Hi, and thanks for the nice library.
Is it possible to run hyperas on multiple GPU's? if so, would you mind giving a small example?
Thanks!
So, keras allows for parallel GPUs, but I'm not sure how to make the trials parallel as well. Any help would be appreciated. @dafnevk can you shed some light on this issue please?
@myhussien sorry for the late reply. hyperopt underneath hyperas has a scale-out module using mongodb, which you can read more about here. If your mongo workers all have access to multiple GPUs and keras is installed on them, then they'll be used. If you do this locally on one machine this is unlikely to bring any benefit, unless you can dedicate one GPU per mongo worker (not that simple to set up, would have to dig into mongo docs).
I think the prototypical situation is that you utilise multiple CPU threads in parallel search with hyperopt.
If you train two keras models on the same machine at the same time, will they effectively share access to your GPUs?
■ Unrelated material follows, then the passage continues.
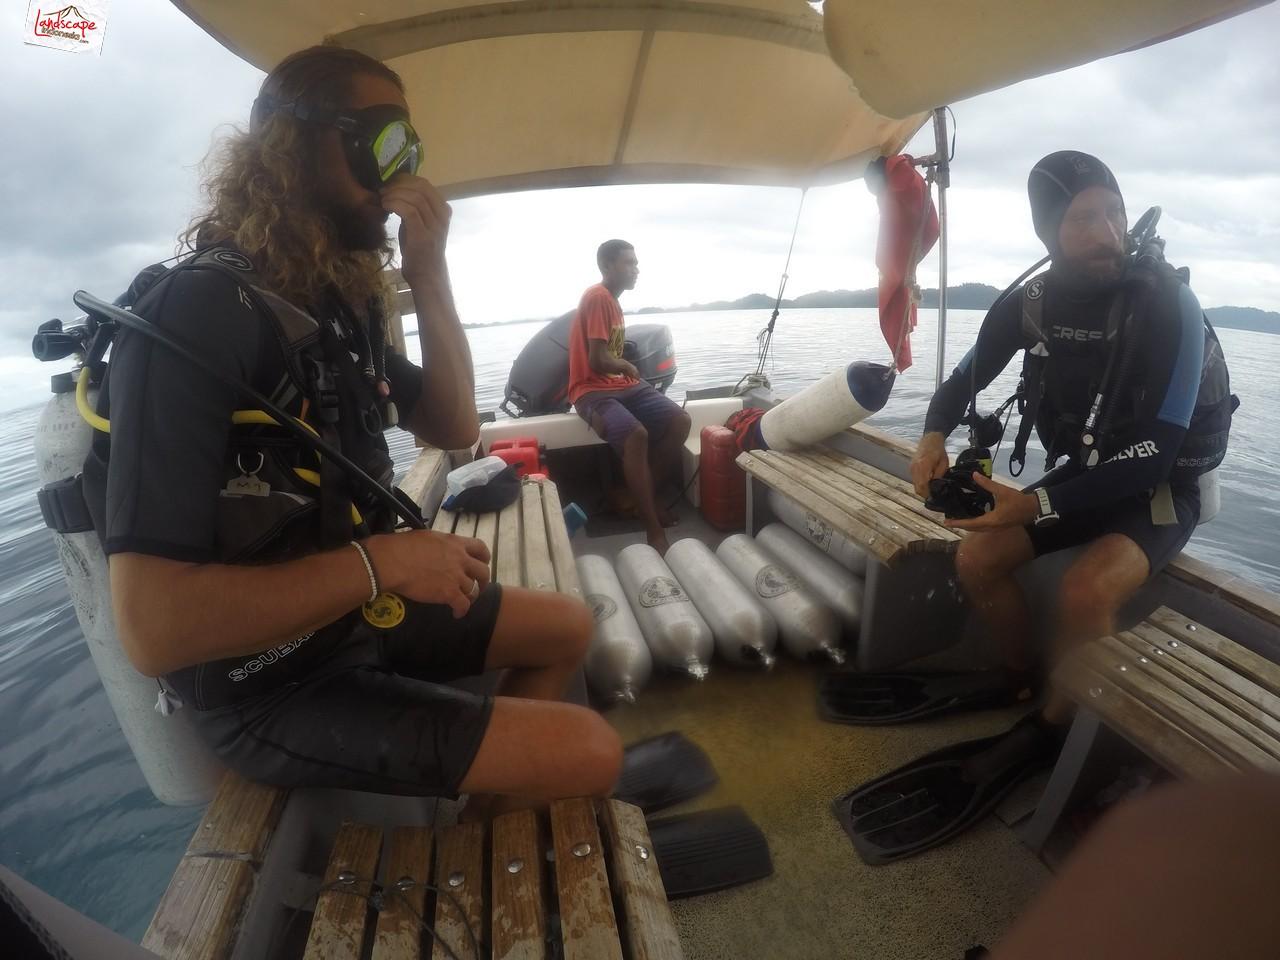 diving di arborek 1 - Diving di Arborek, Raja Ampat

If so, it might be worth giving this a shot.
I made multiple GPUs visible using CUDA_VISIBLE_DEVICES. However, it's just as slow as when it was running on 1 GPU. I also only see one model being trained at a time.'
Anyone know why it's not running multiple GPUs?
Any updates here? Parallel trials would be fantastic!
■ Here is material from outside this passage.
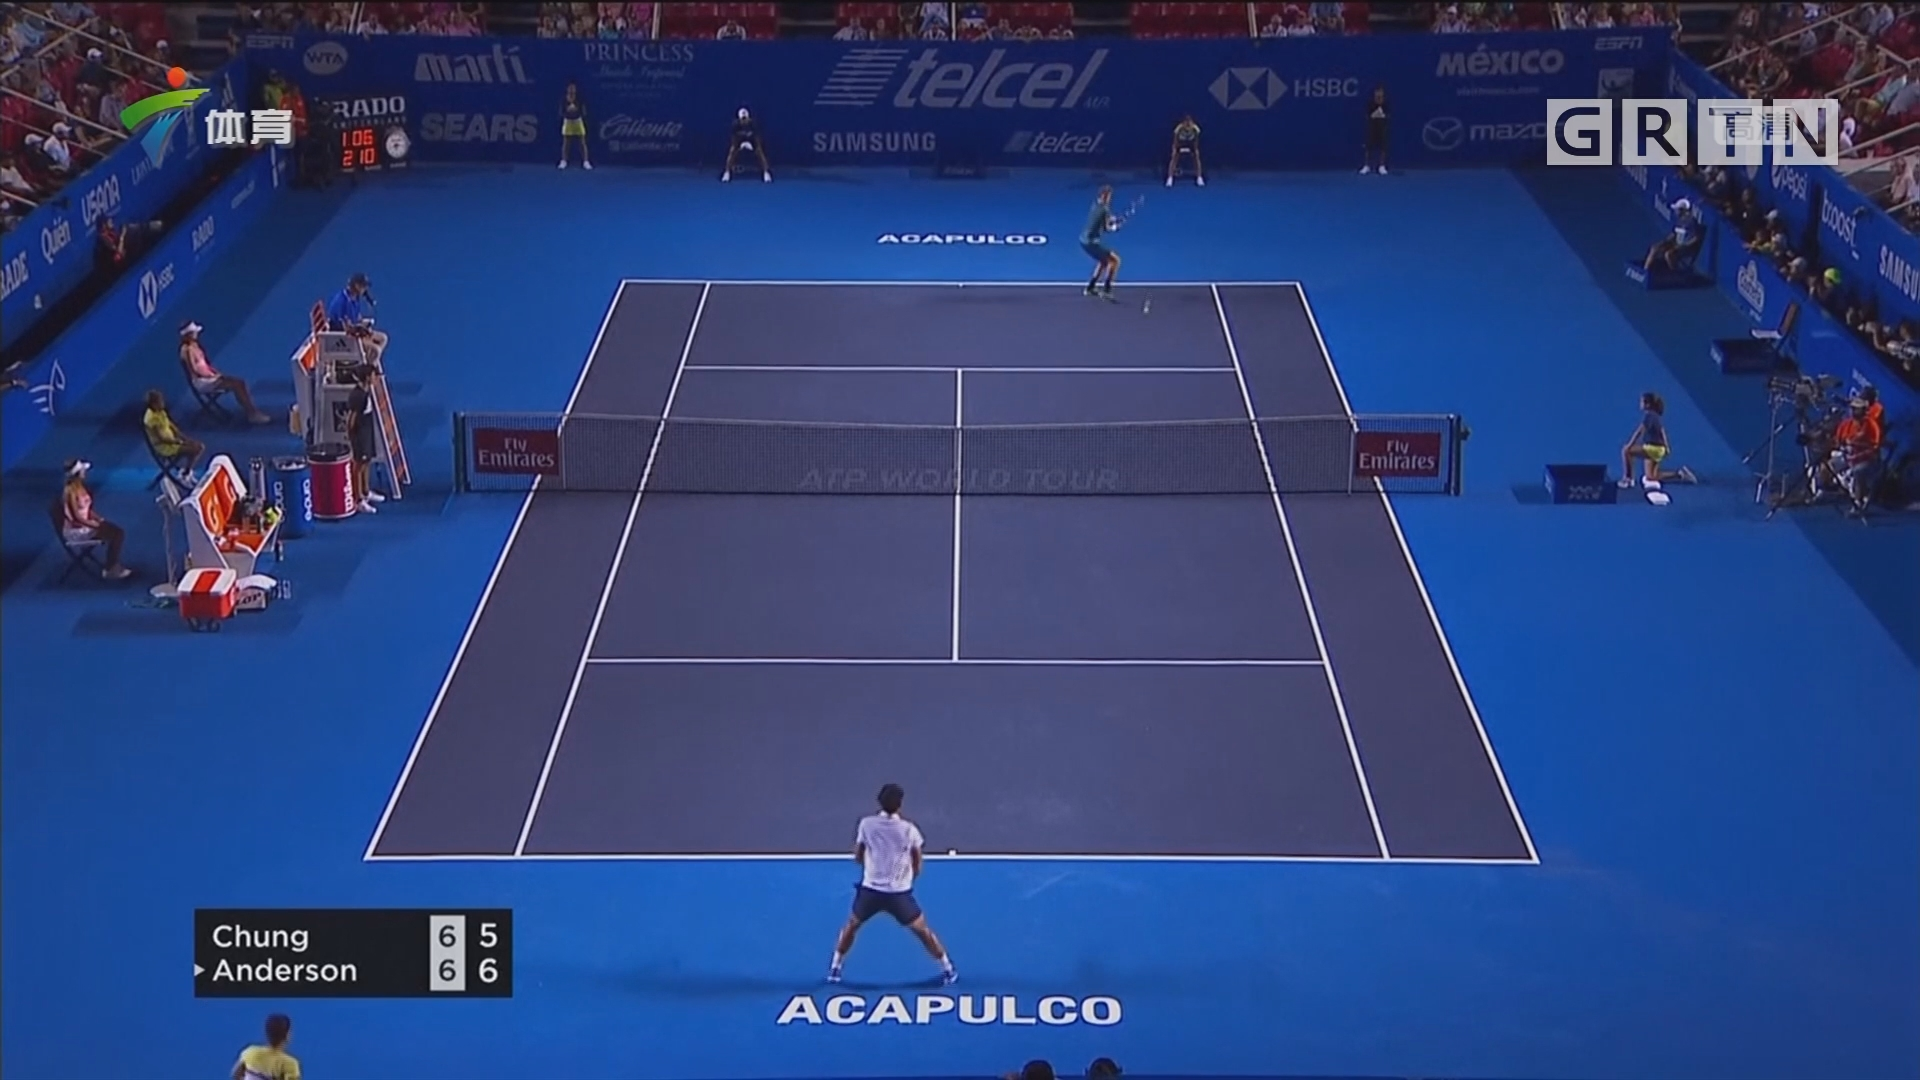 ATP阿卡普尔科赛 德郑泫不敌安德森 遭到淘汰

I did write a script that can run hyperas in distributed mode: https://github.com/maxpumperla/hyperas/blob/master/examples/mnist_distributed.py and https://github.com/maxpumperla/hyperas#running-hyperas-in-parallel
My plan of attack would be to run it using multiple distributed workers on a single machine (start as many workers as you have GPUs). Have the job select the GPU with the smallest current load (or wait until one is free).
Thank you so much! I haven't tried your solution yet. Nonetheless, thank you very much.